| Work instructions |
Write out the data again exactly, skipping every picture.

| Dataset content |
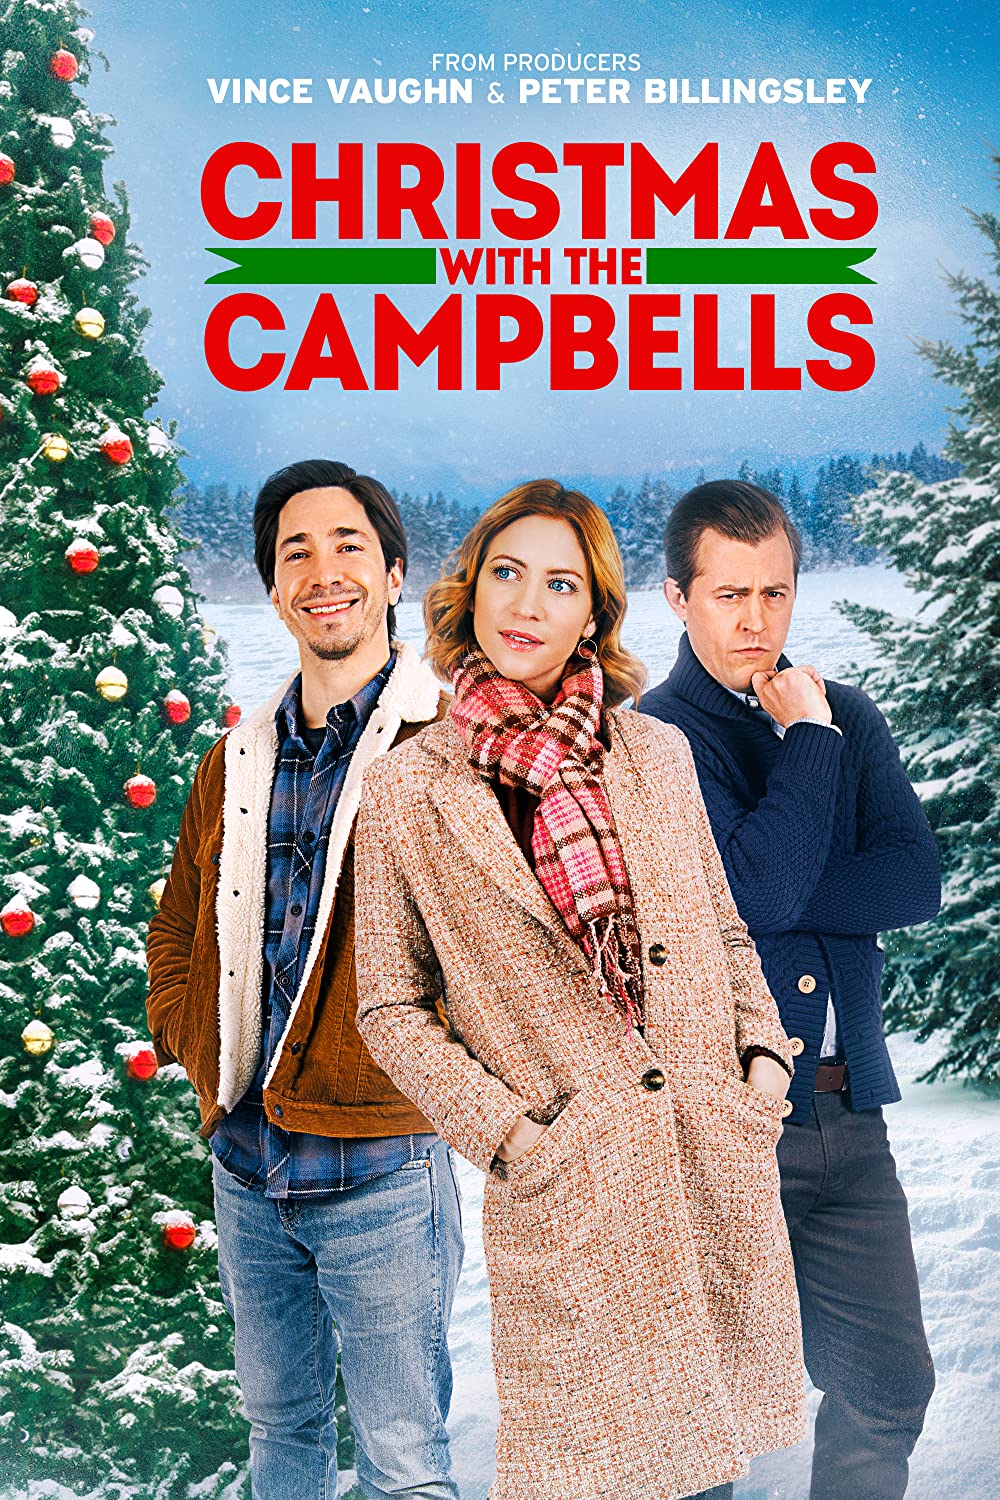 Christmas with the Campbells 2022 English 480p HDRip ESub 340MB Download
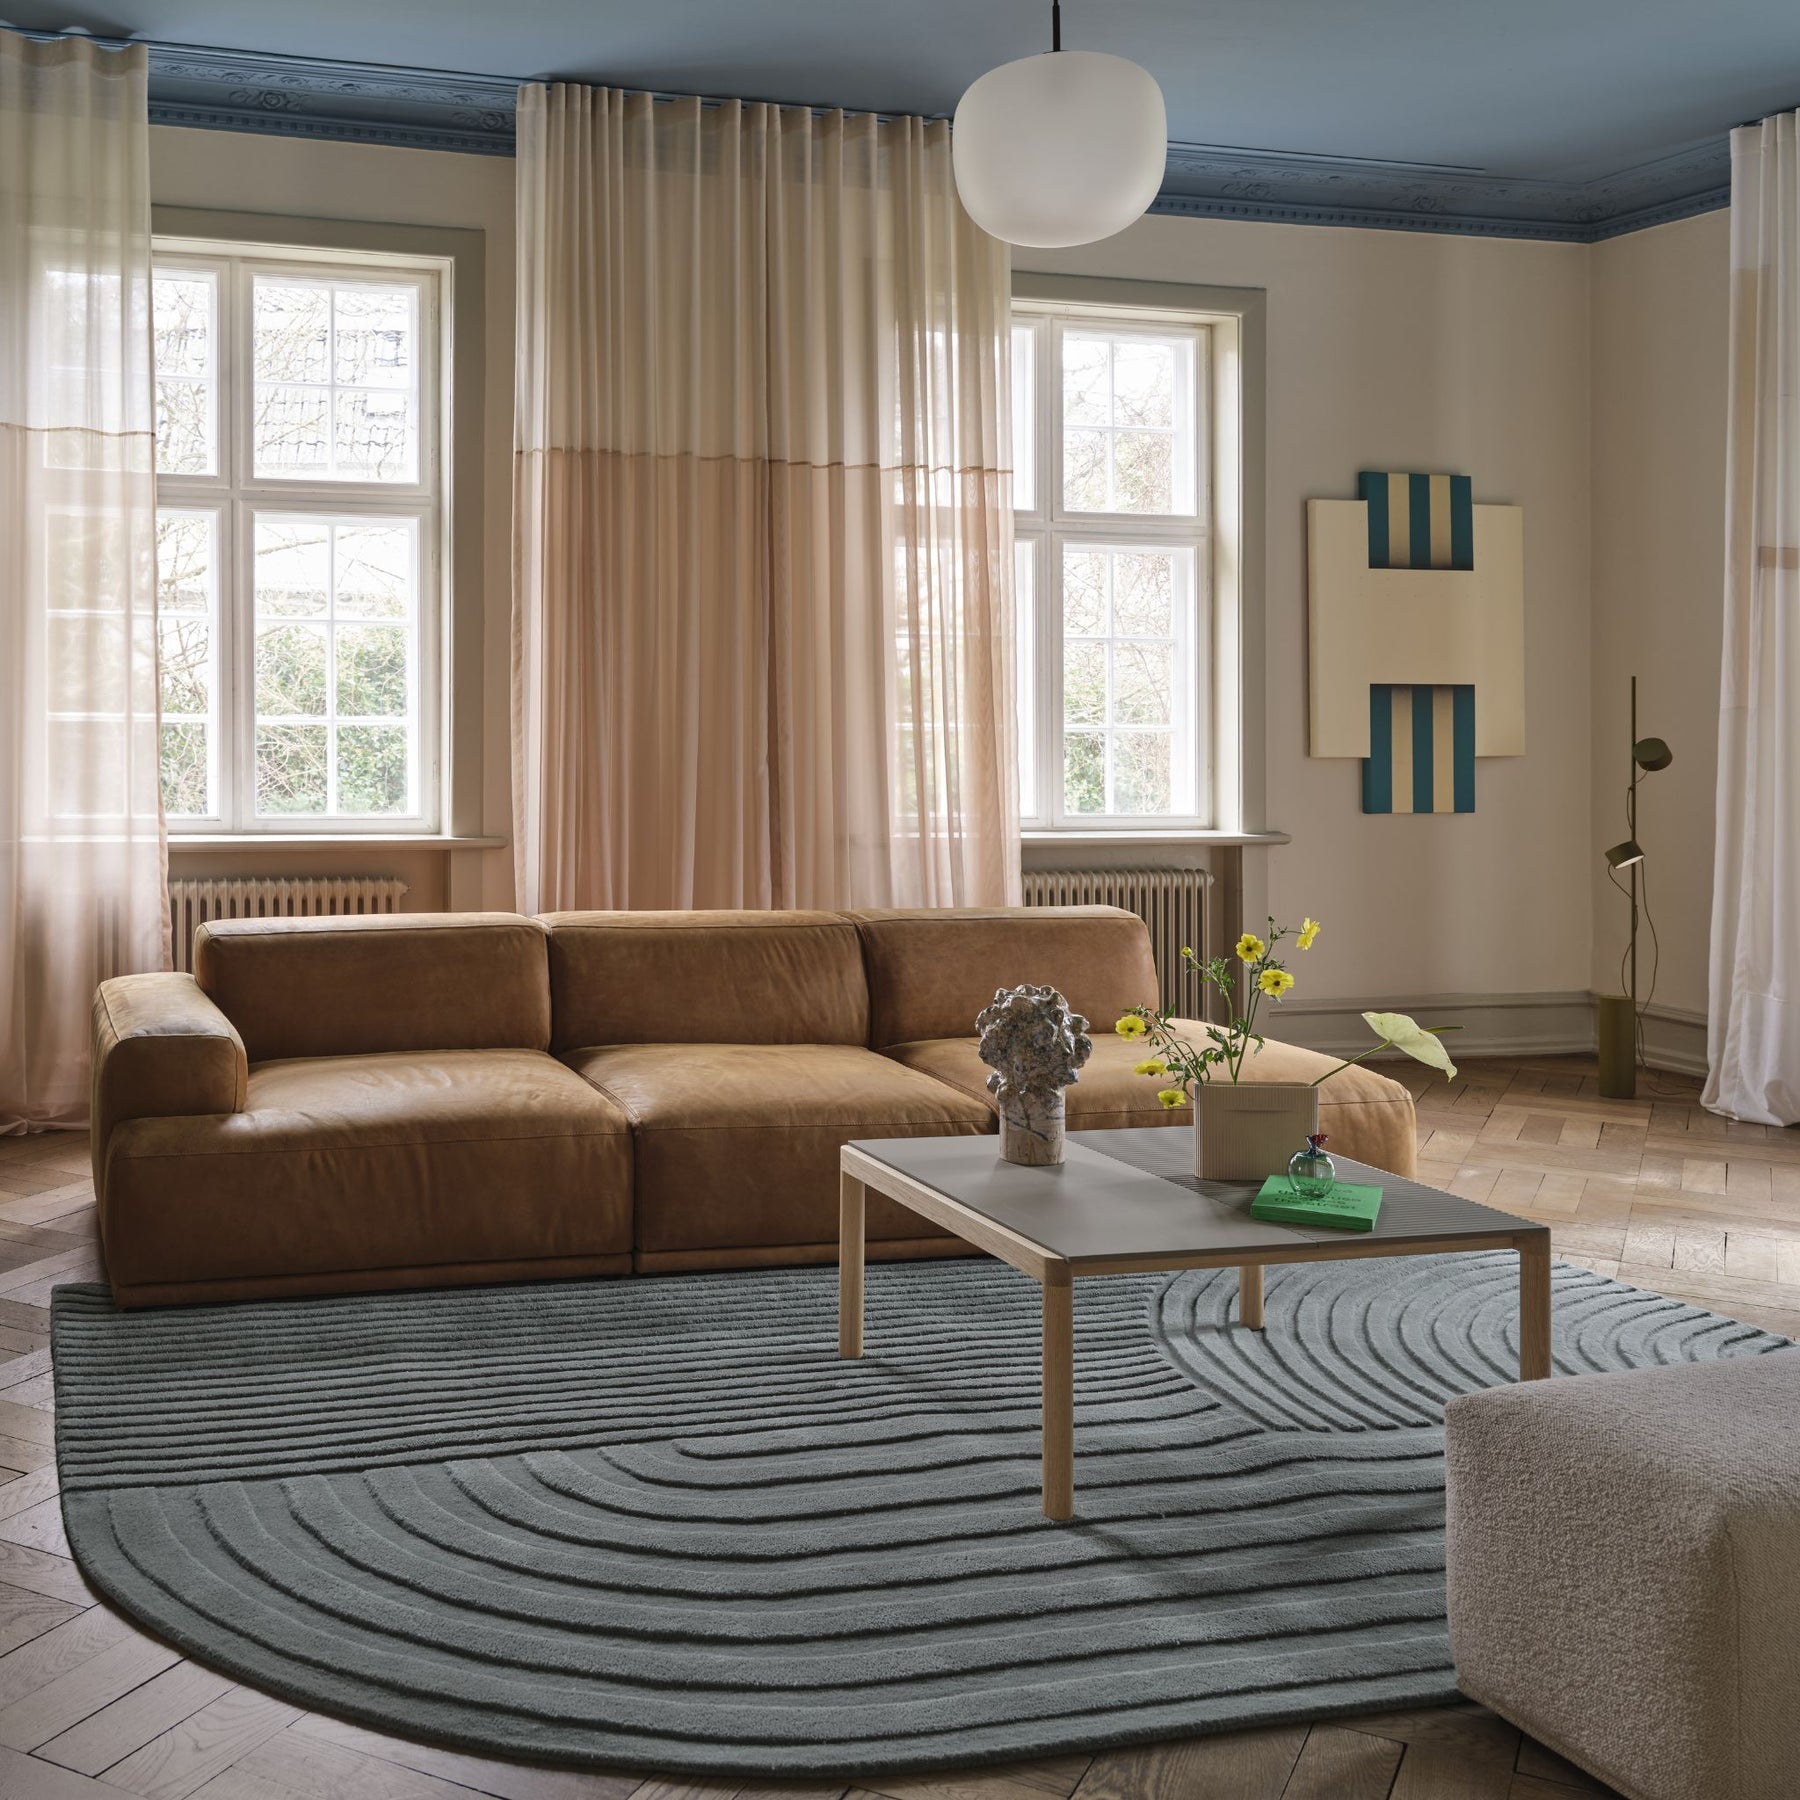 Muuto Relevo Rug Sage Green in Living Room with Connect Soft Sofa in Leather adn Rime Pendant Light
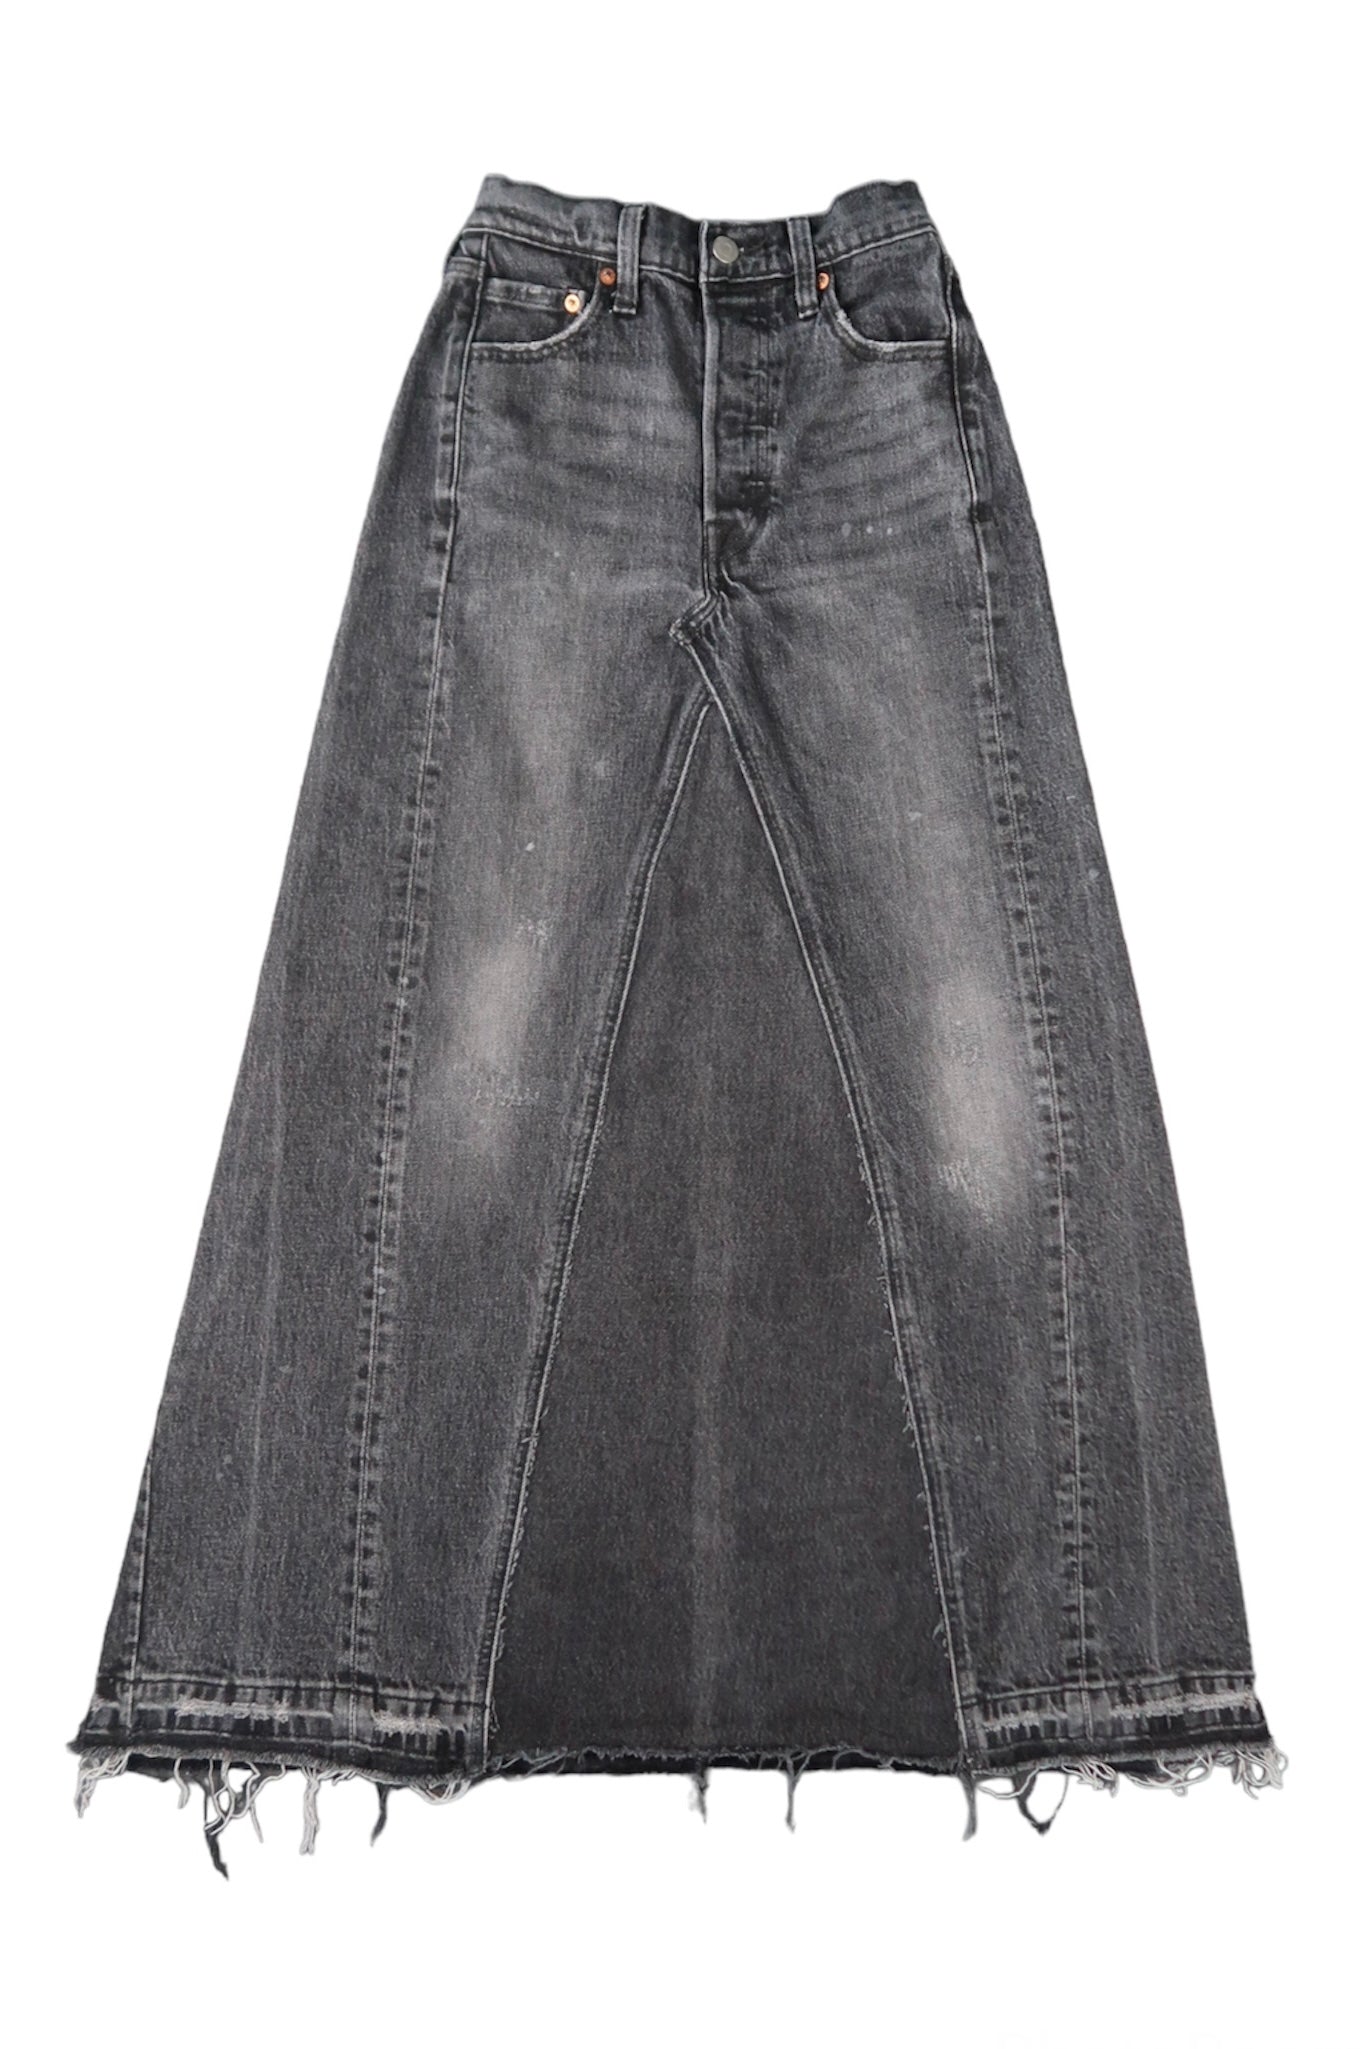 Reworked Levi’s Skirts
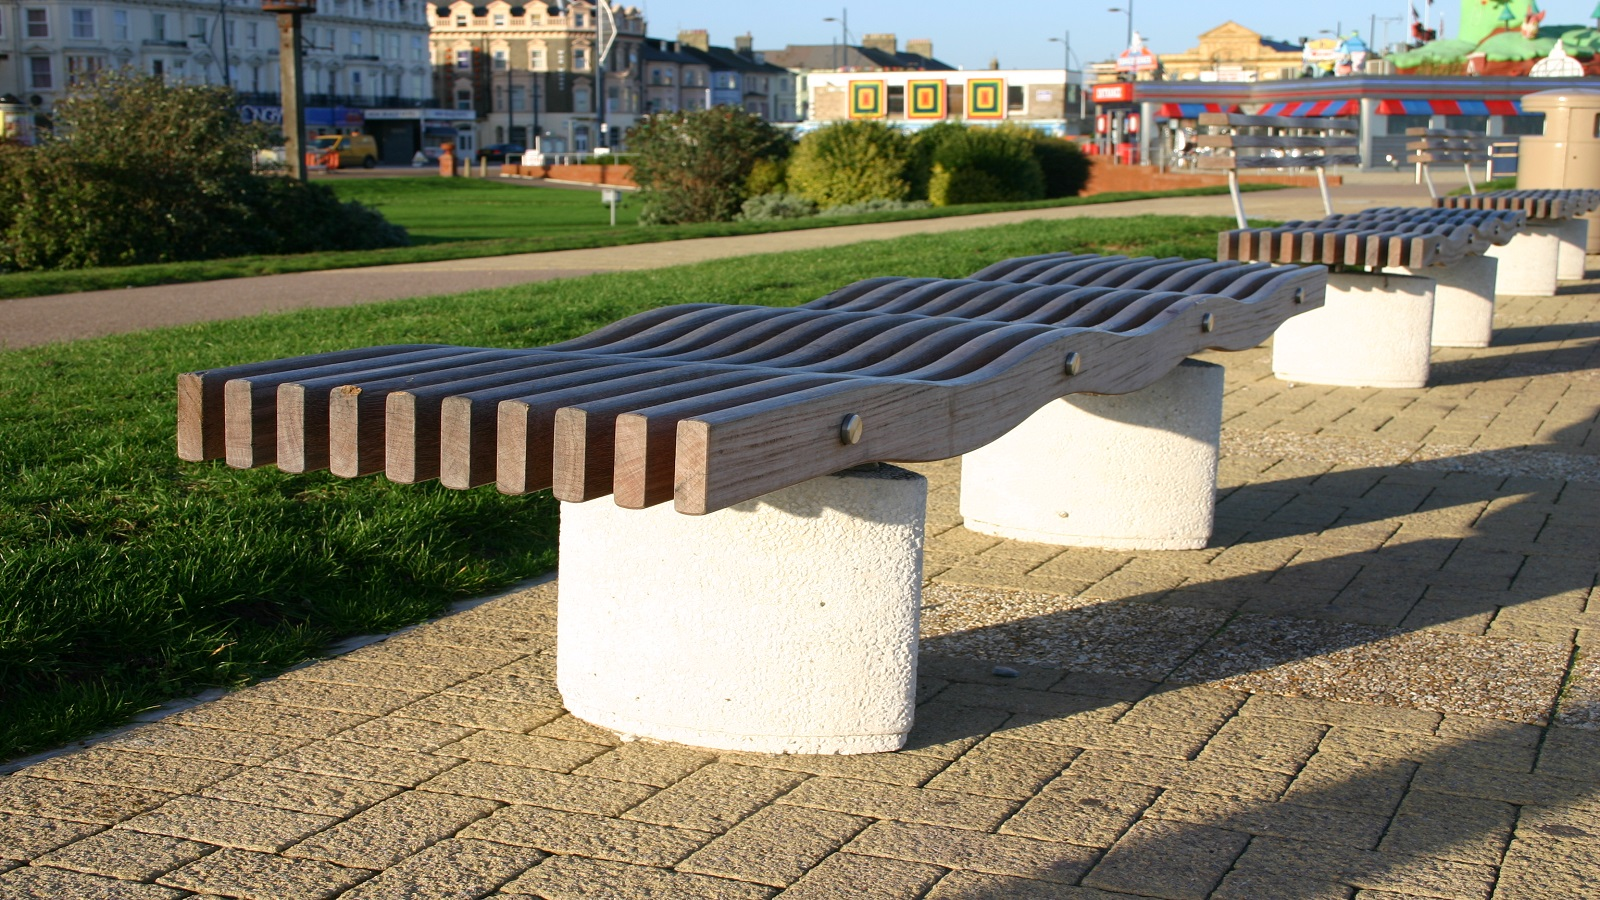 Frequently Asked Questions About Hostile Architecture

| Response |
 Christmas with the Campbells 2022 English 480p HDRip ESub 340MB Download
 Muuto Relevo Rug Sage Green in Living Room with Connect Soft Sofa in Leather adn Rime Pendant Light
 Reworked Levi’s Skirts
 Frequently Asked Questions About Hostile Architecture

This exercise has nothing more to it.